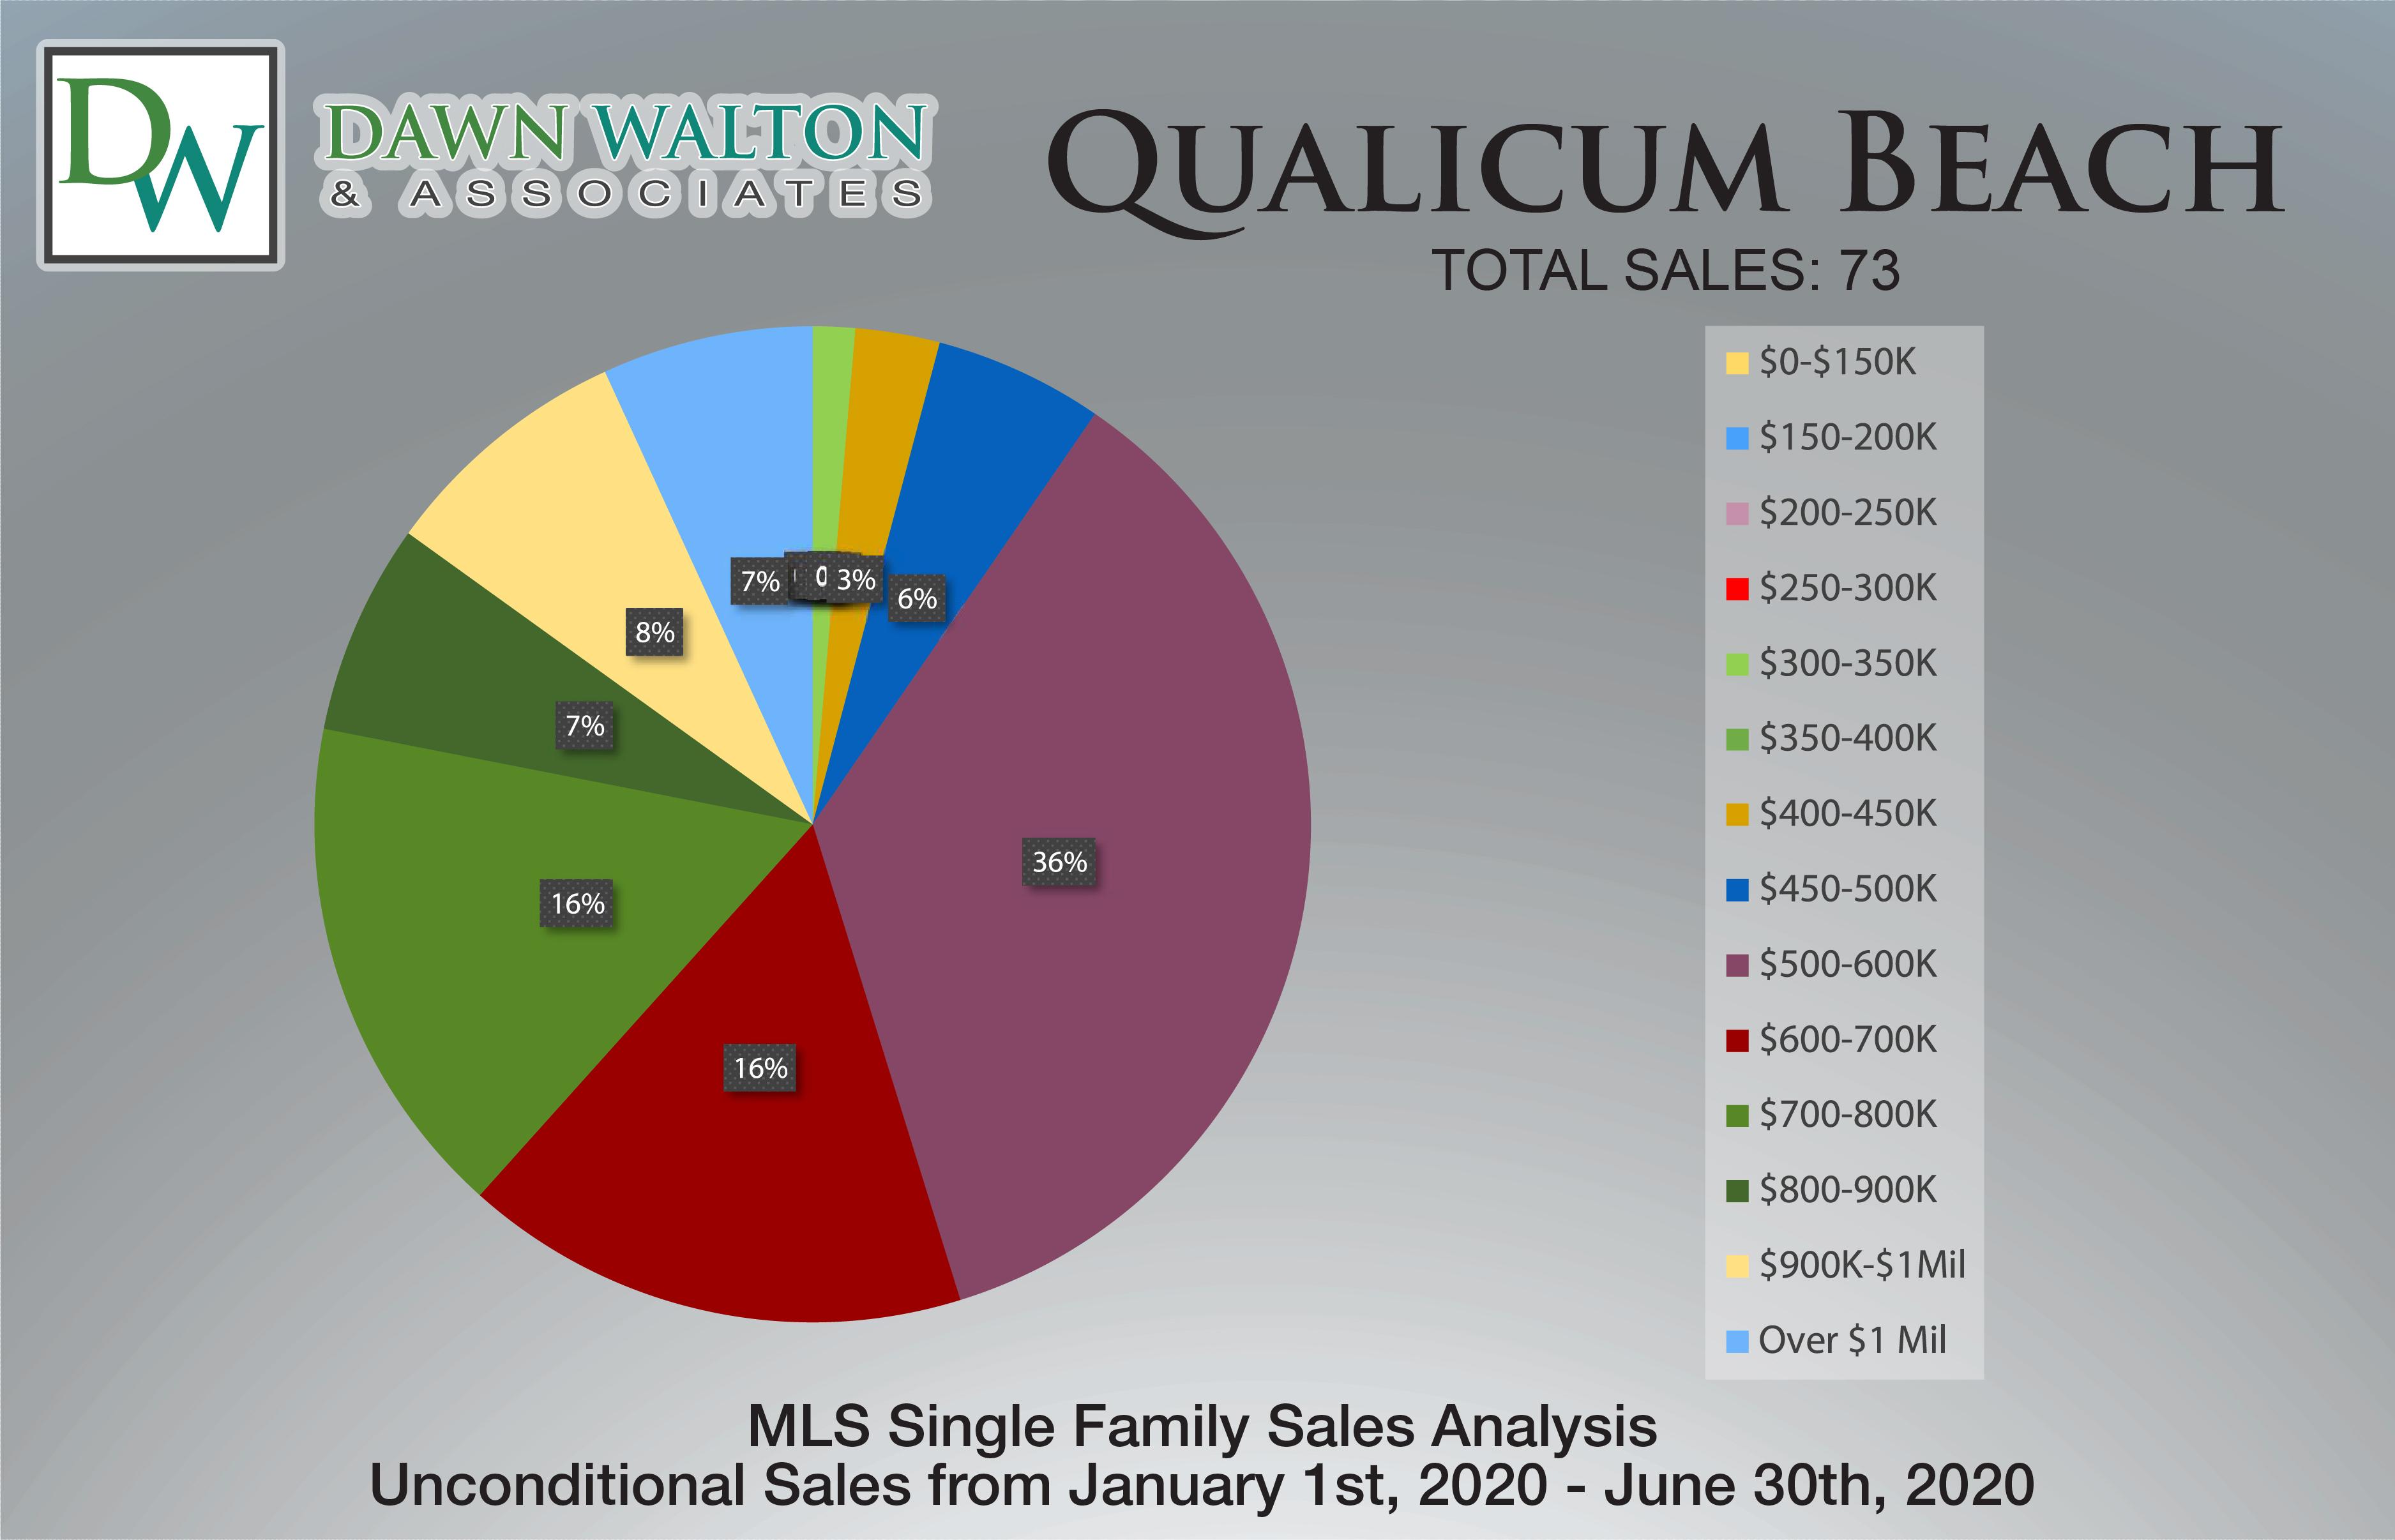 Qualicum Beach Real Estate Market Stats Price Percentage Jan 1- June 30th  2020 - Nanaimo Realtor Dawn Walton
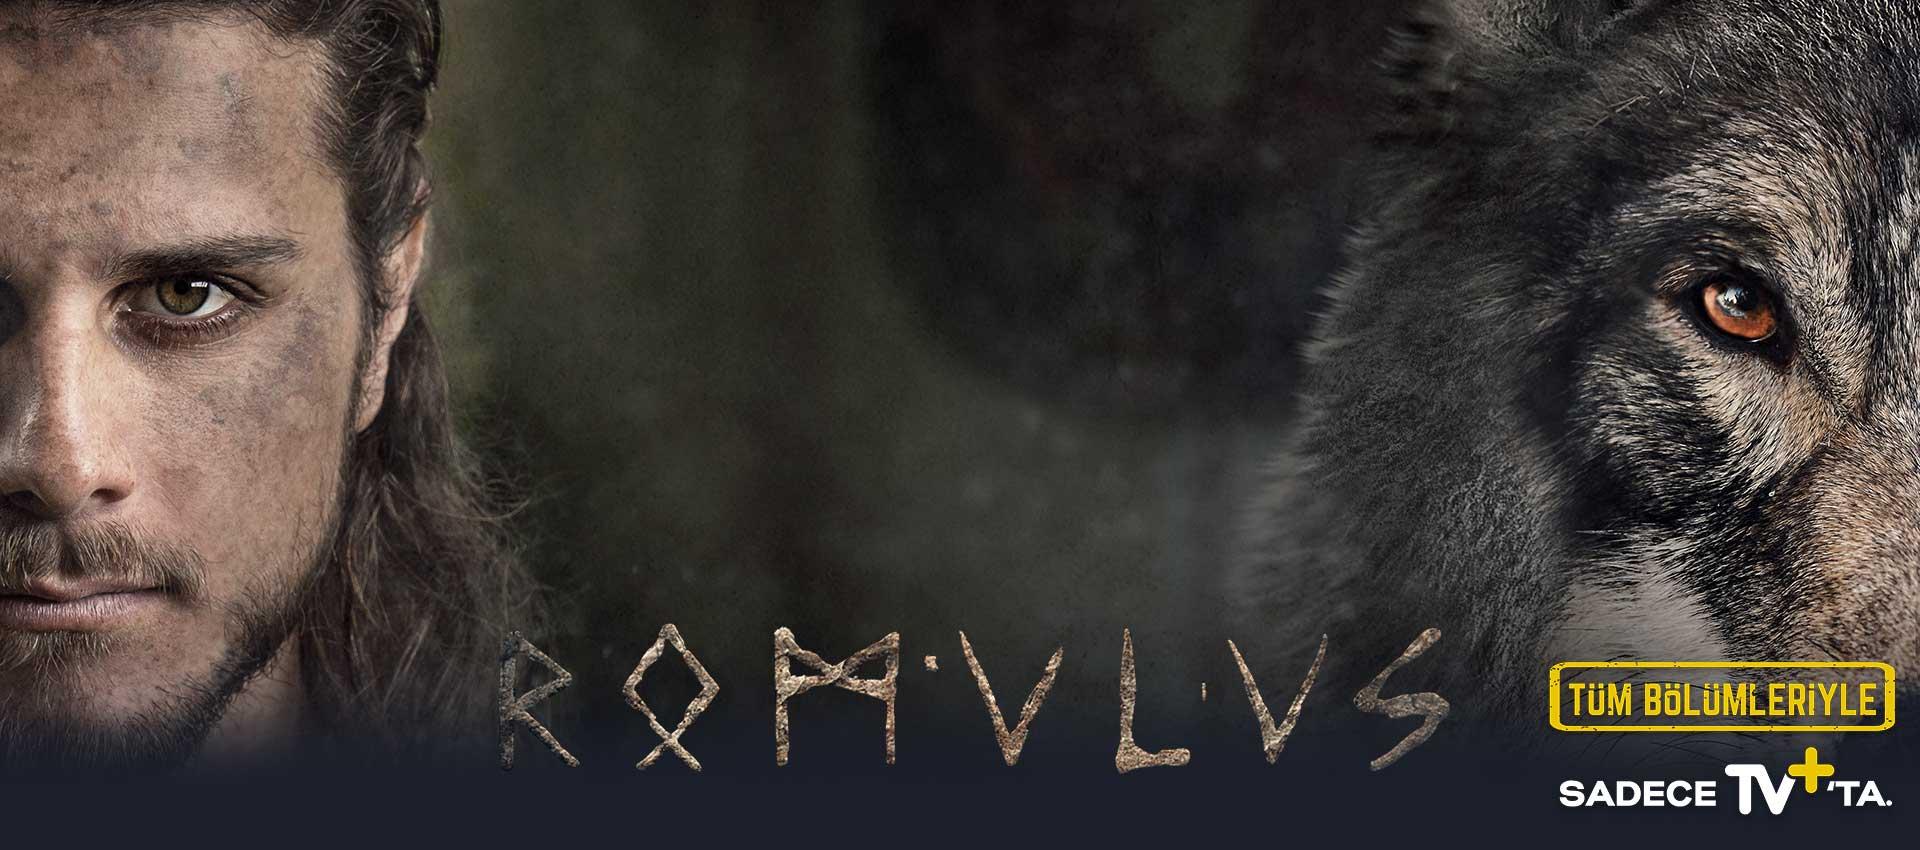 Romulus Dizi İzle türkçe izle hd izle
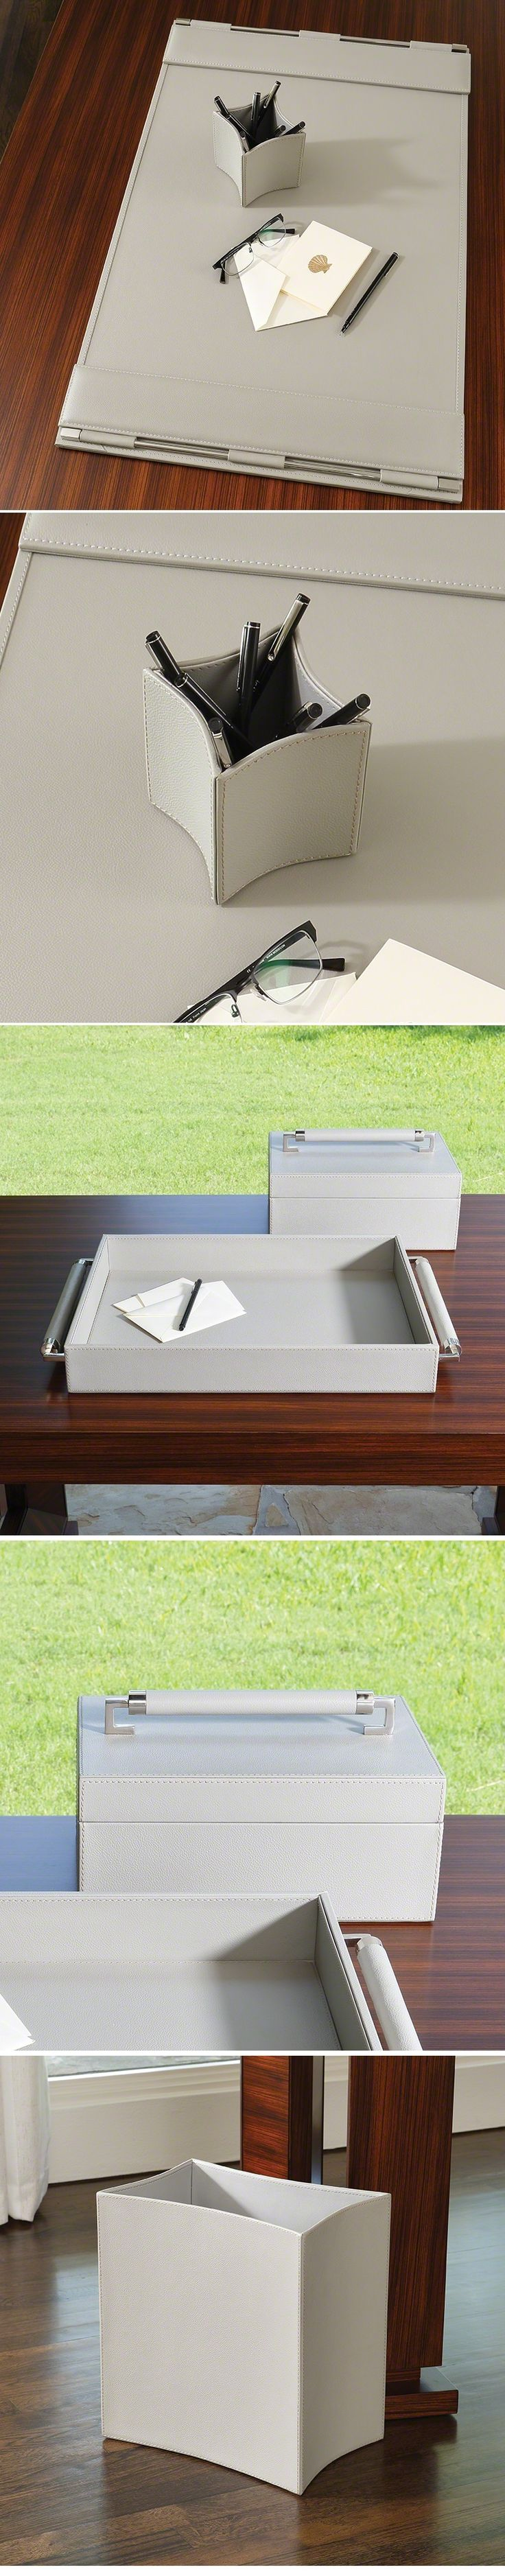 Home Office Ideas Design Desk Decor Set Accessory Accessories Pad Pads Writing
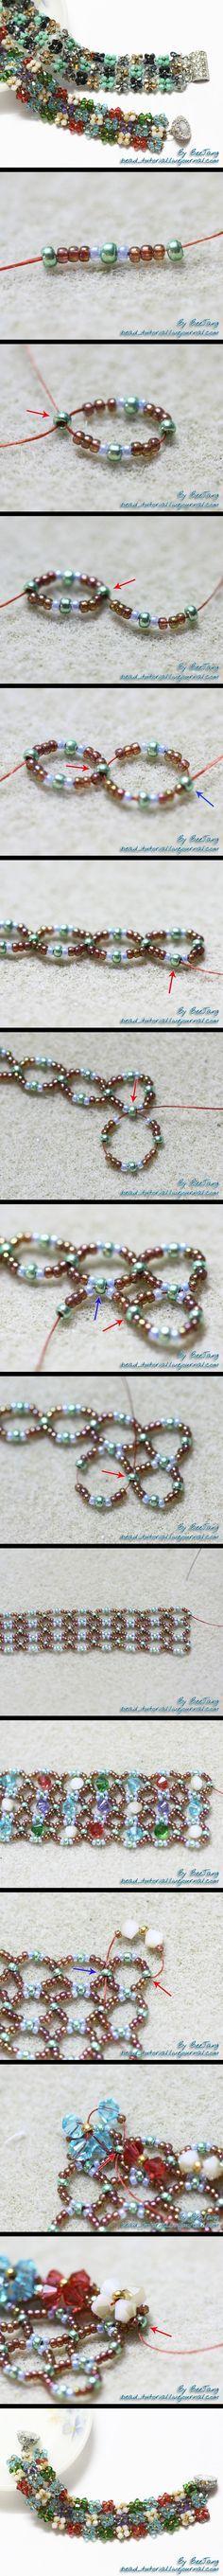 PAP bracelete

*WORK TO COMPLETE*. Your copy should match the listing exactly, apart from the pictures it leaves out.

*TASK RESULT*.
 Qualicum Beach Real Estate Market Stats Price Percentage Jan 1- June 30th  2020 - Nanaimo Realtor Dawn Walton
 Romulus Dizi İzle türkçe izle hd izle
 Home Office Ideas Design Desk Decor Set Accessory Accessories Pad Pads Writing
 PAP bracelete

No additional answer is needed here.